Now the last type of bias. Publication bias.

Slide 20

zoccalislide

As you know, the publication bias is the bias that can be generated in the process of getting information published. You see we have many studies on renal disease progression and on drugs that can effect renal disease progression. The issue is so important that it’s used worldwide. Kasiske 5 years ago collected 13 studies on the effect of lipid lowering drugs on renal outcomes in patients with CKD. As you know he made a metanalysis and published this metanalysis in Kidney International. The results of metanalysis are summarised in plots like this. You see there is a vertical line at 0. If the treatment is better the points are on the left side, while if the points are on the right side, it means the treatment is worse than non-treatment. Now Kasiske noted that in 11 studies treatment was better than nothing or than control. Then in 2 studies treatment was worse than control or nothing. So this may suggest bias. The idea that bias can be included in this data is reinforced if you look at the numbers. All these studies were based on small numbers.

Slide 21

zoccalislide

Now, how can bias be generated? The journal editors might have been biased in accepting for publication positive studies because all these studies were small or alternatively investigators that produced negative results who have not even submitted these studies because they were certain that the paper would have been rejected.

Slide 22

zoccalislide

How can we detect and prevent publication bias?
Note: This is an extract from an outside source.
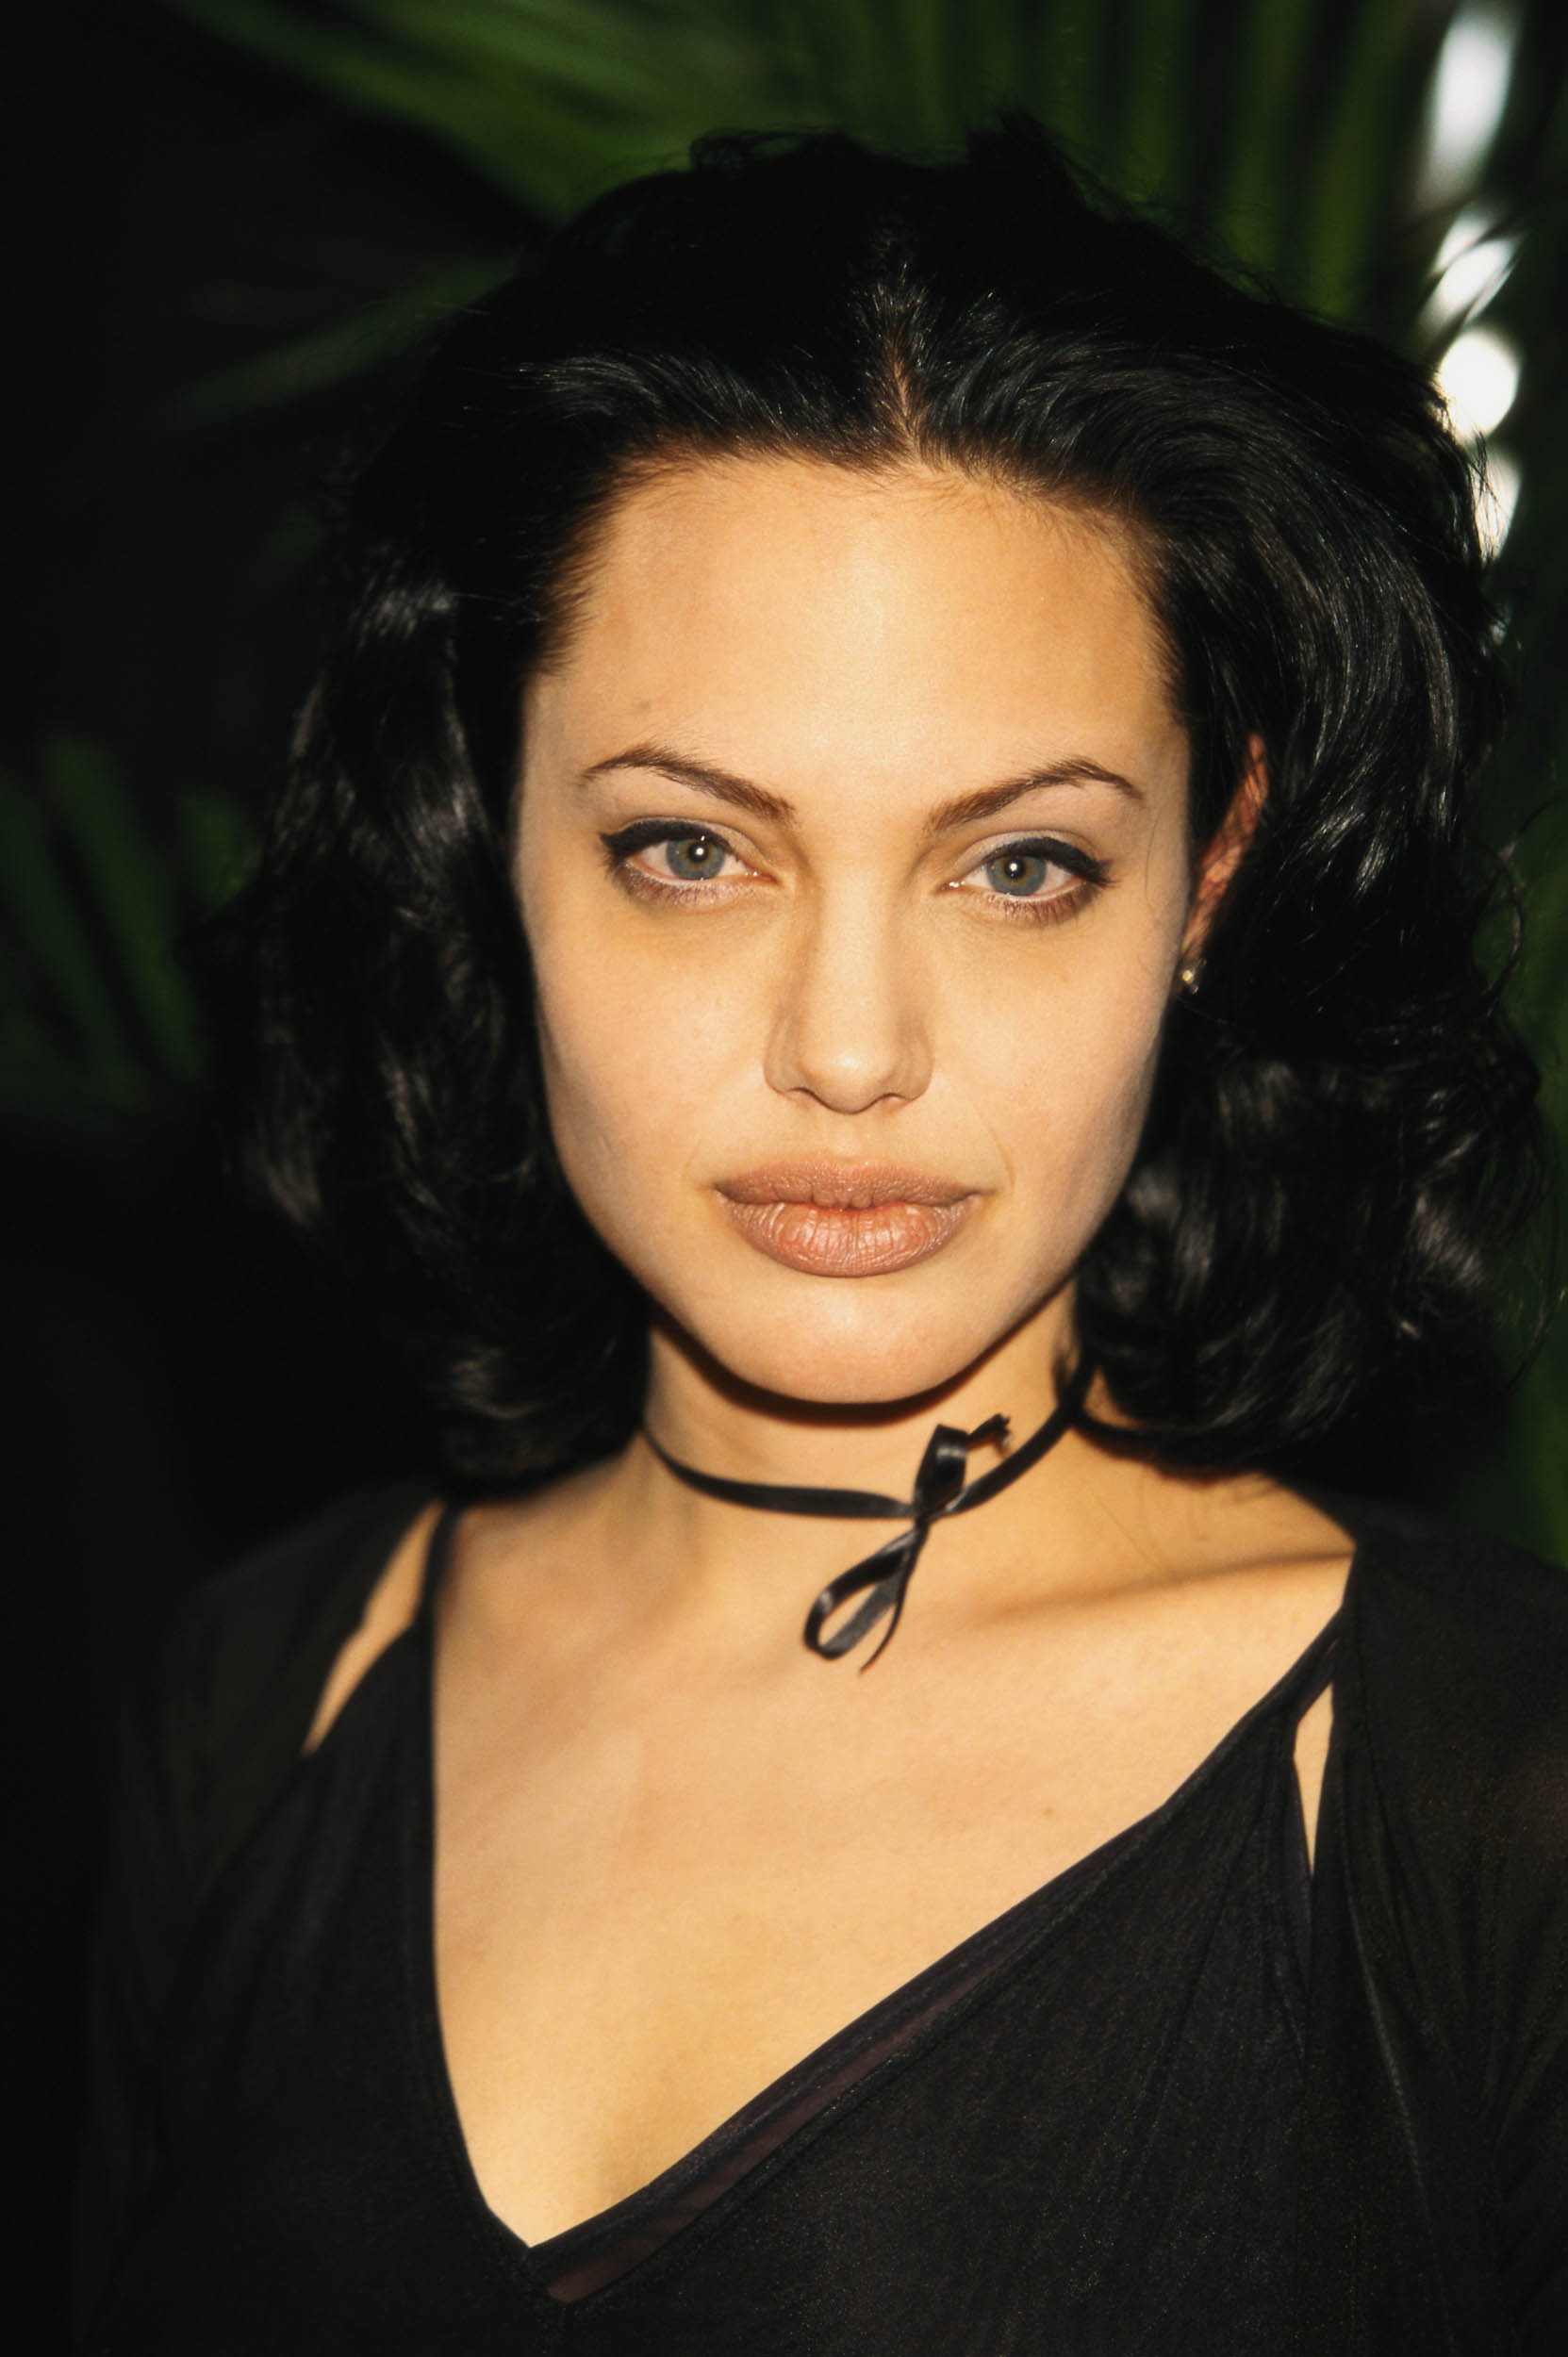 Angelina Jolie photo 730 of 3430 pics, wallpaper - photo ... Angelina Jolie S Kids

We can plot data in a funnel plot. The funnel plot is a quite simple plot in the horizontal axis you put the sample size. In the vertical axis the outcome measure, better and worse. If you spot that small studies show better results while the outcome tends to show no effect, the outcome is neutral as the study size is larger, you should think that publication bias is more likely. When the data are distributed in this way, when the outcome is independent of the study size you can think that publication bias is unlikely.

Slide 23

zoccalislide

Now let’s summarise. Bias is the tendency to produce erroneous results. Proper selection of cases and controls and of exposed and unexposed subjects is fundamental if we are to avoid bias. Recall bias, interviewer bias and observer bias all produce wrong information and misclassification of study subjects. Non-differential misclassification weakens the strength of a true association while non-differential misclassification may either inflate or weaken the strength of a given association. Prevalence may give a biased estimate of risk. Whenever possible, risk should be estimated in cohort studies rather than in surveys.
The time that leads to disease from the preclinical phase to the clinical phase should be carefully considered when assessing the usefulness of early detection programs and finally, be aware of publication bias.

Ok. I thank you for having participated into this clinical epidemiology short course. If you have questions please write to me. You can find my e-mail address in the website of NDT-educational. So don’t hesitate, write to me I will be pleased to reply to your questions. Thank you.